Gay Connection #2: Duane Jones (Ben),  who later became a professor of theater at SUNY Old Westbury, was gay in ral life.

Gay Connection #3: Ben never displays the slightest romantic interest in Barbra.Of course, they're in a stressful situation, and a black-white romance would have been problematic in 1968, just a year after the Supreme Court invalidated the miscegenation laws.  But still, there's a hetero-romance in every other post-Apocalyptic, zombie, horror, and science fiction movie of the era. We can easily read him as gay.

Surprising Racial Dynamics:  A black guy becomes the leader of a houseful of white people, and no one objects (well, Imperious Guy does, but not because of Ben's race). Romero claims that he hadn't planned specifically to cast a black actor, but he made some script changes in response, like making Ben intelligent and well-spoken rather than the dim-witted truck driver in early scripts.
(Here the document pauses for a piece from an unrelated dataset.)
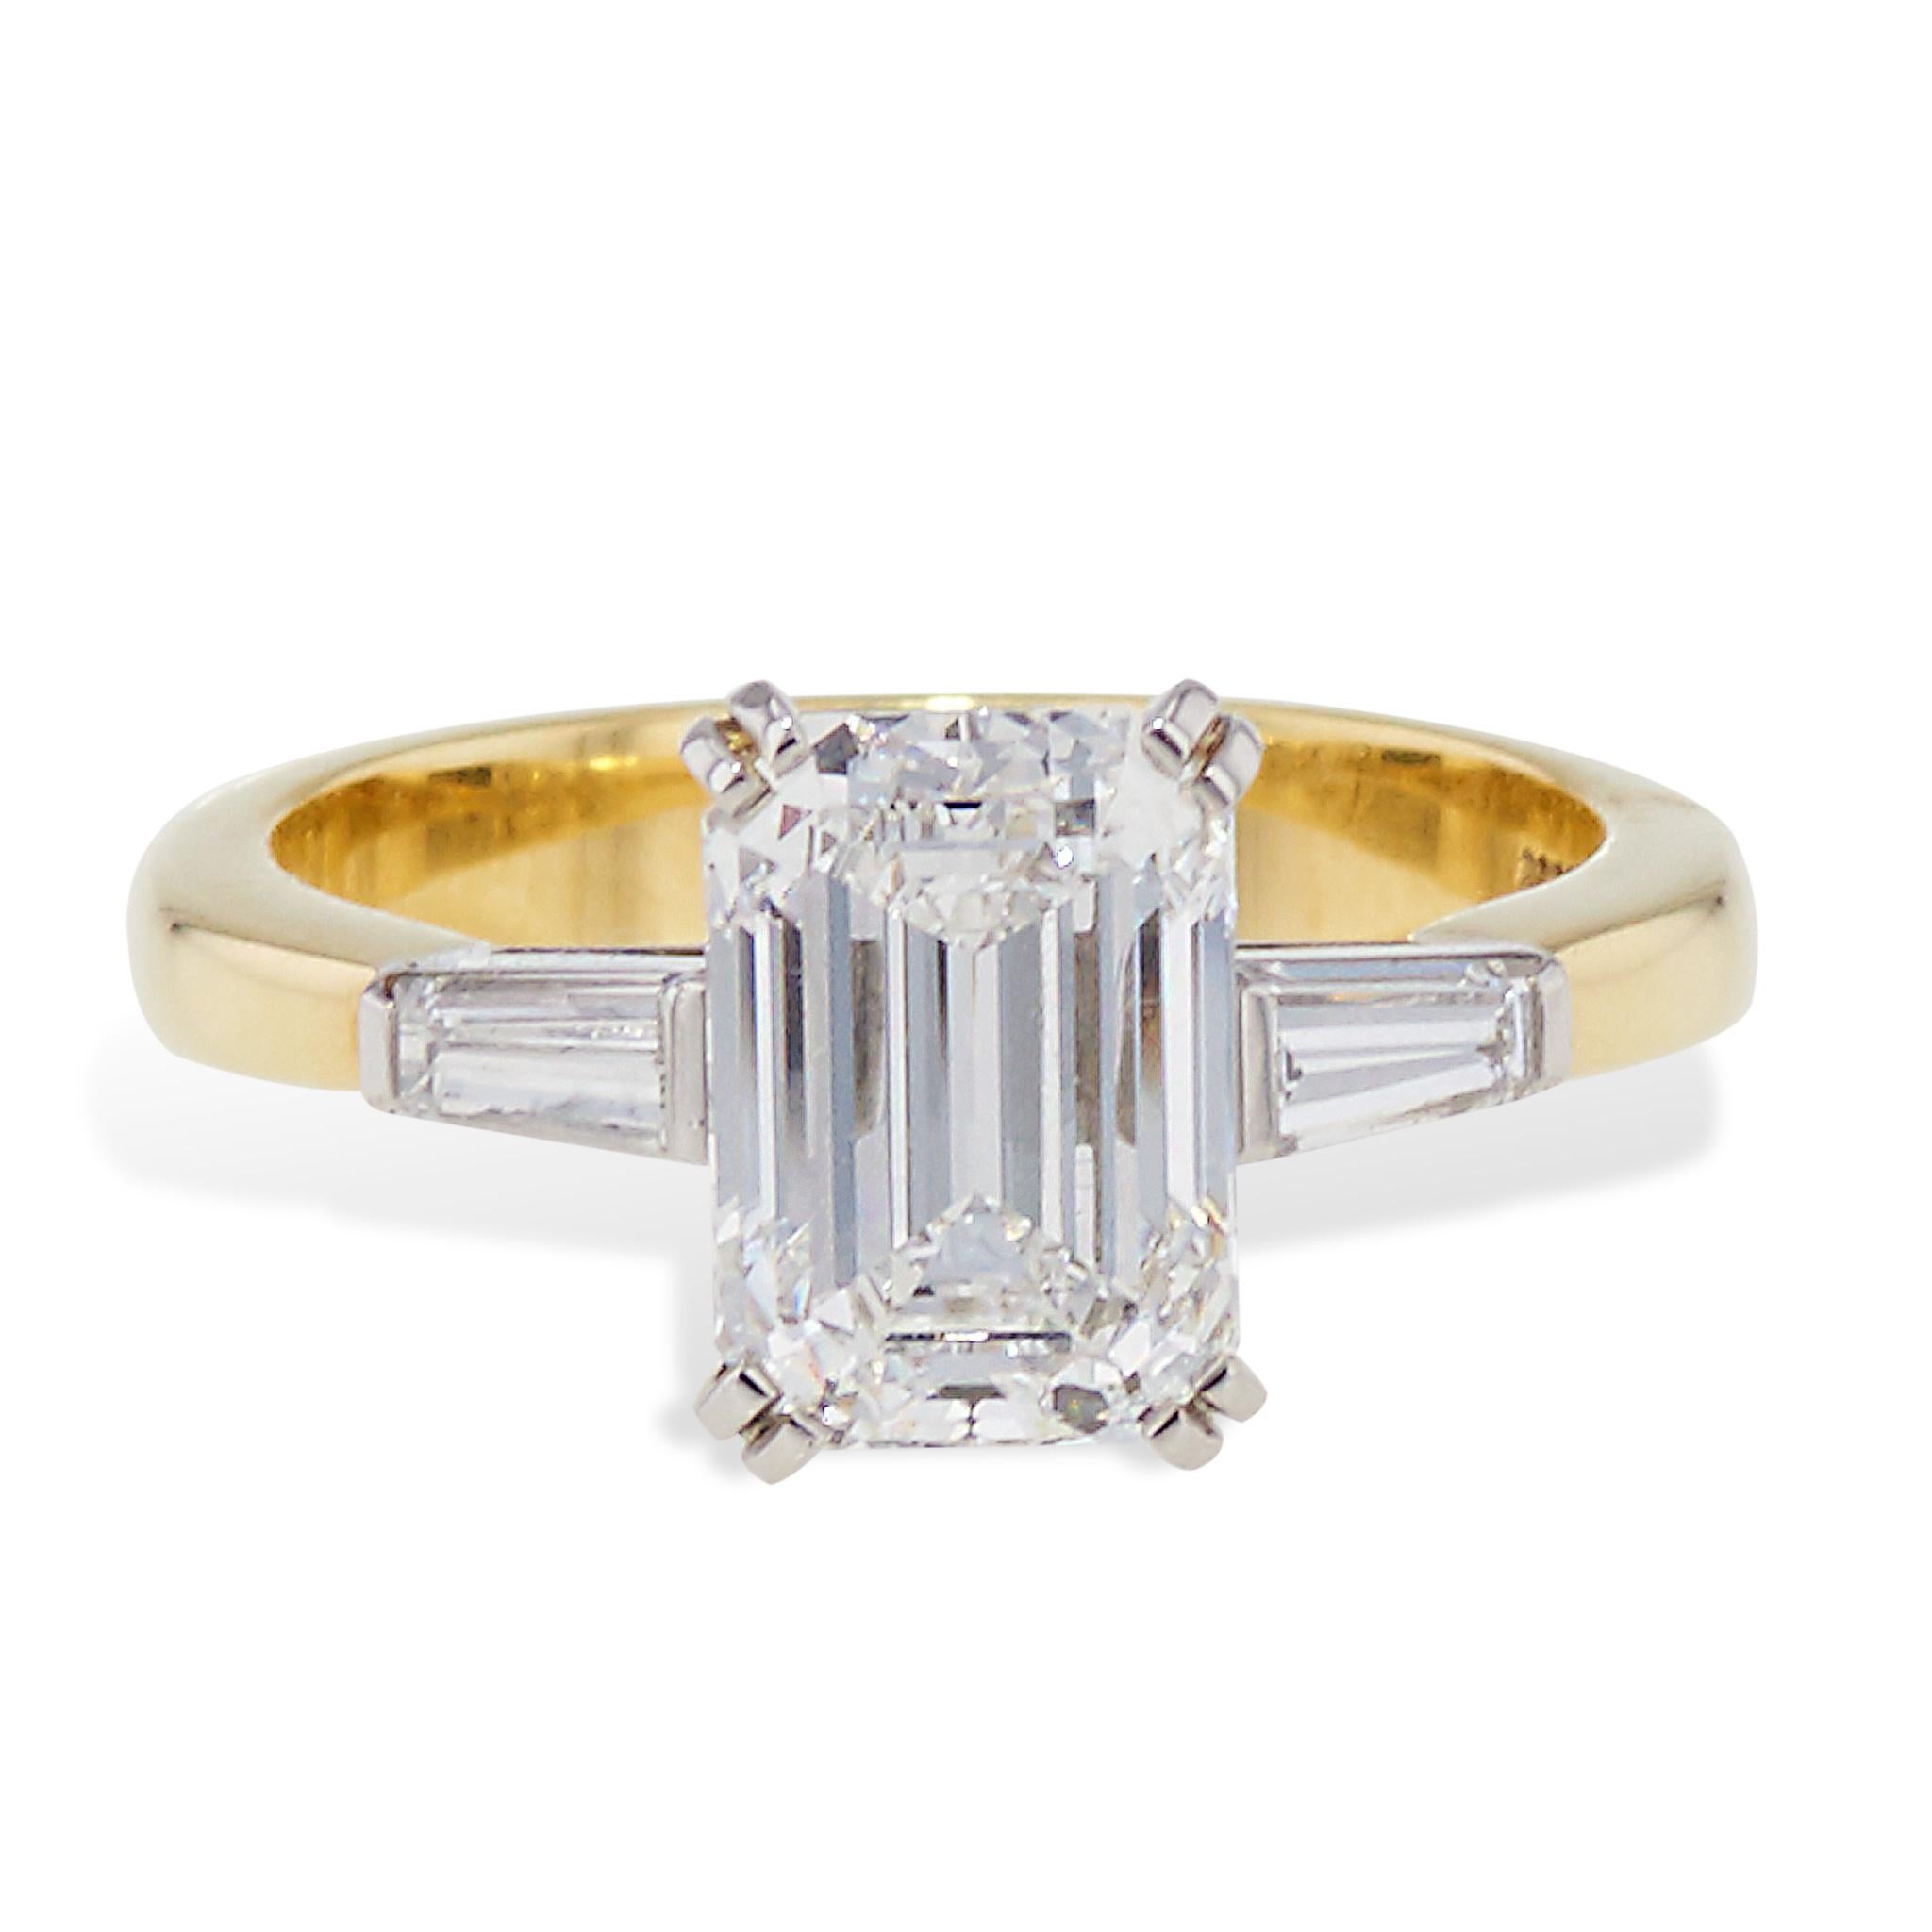 A timeless classic with an exquisite design, this Tiffany & Co. Circa 1990 Yellow Gold and Platinum Emerald Cut Diamond Ring is truly a sight to behold. 

Crafted in 18 karat yellow gold and platinum, the centerpiece is a stunning 2.52ct F-VVS2

The other refugees are killed one by one, leaving Ben alone.

Surprising Trust in the Government:  This is no Apocalypse.  By morning, the government has things under control (less than 12 hours after the first reports!).  Every city has FEMA centers set up. The national guard and local police are scouring the countryside, killing the remaining undead and finding survivors.

The Lynching:  In the shocking last scene, some good old boys with dogs and guns approach the house, see Ben inside, and shoot him.  But if they were looking for survivors, wouldn't they check to see if he is undead before shooting?  Unless.."Look!  A Zombie!" was just an excuse to lynch a black man. Strange fruit hanging from a Southern tree.

Gay Connection #4: Could you do a reading with Ben as gay rather than black?  Queer the text?

Gay Connection #5: This is the last photo you will ever see of Keith Wayne, just like the Grindr hookup who you can neve find again.


  1. Never watched it, I did hear about it. It's interesting to hear these fan-thoughts, though. Always! :)

  2. I'm surprise you had never seen Romero's horror classic until now. You do bring some interesting points - could the lead character be a gay man instead of the black. Yes but they have no time for romance because they are fighting hungry zombies. The brother could be read as gay. Now you've given me an slash fiction idea the hunky Keith hooks up with Ben.

    1. You don't need to have a romance to express gay identity. You could just have the characters flirt with each other -- it happens all the time between men and women in zombie movies. Or he could say "I just lost my boyfriend!" Or bring it up during the heart-to-heart conversations they always have to break up the action -- you can't be fighting zombies all the time, or it would stop being scary.

  3. I wonder has there ever been a zombie movies with gay men as heroes?

    1. There are gay characters in "The Walking Dead" and "Fear the Living Dead," and some children's postapocalyptic movies (with or without zombies), but I can't recall any specifically identified gay characters among the heroes in a zombie movie for adults.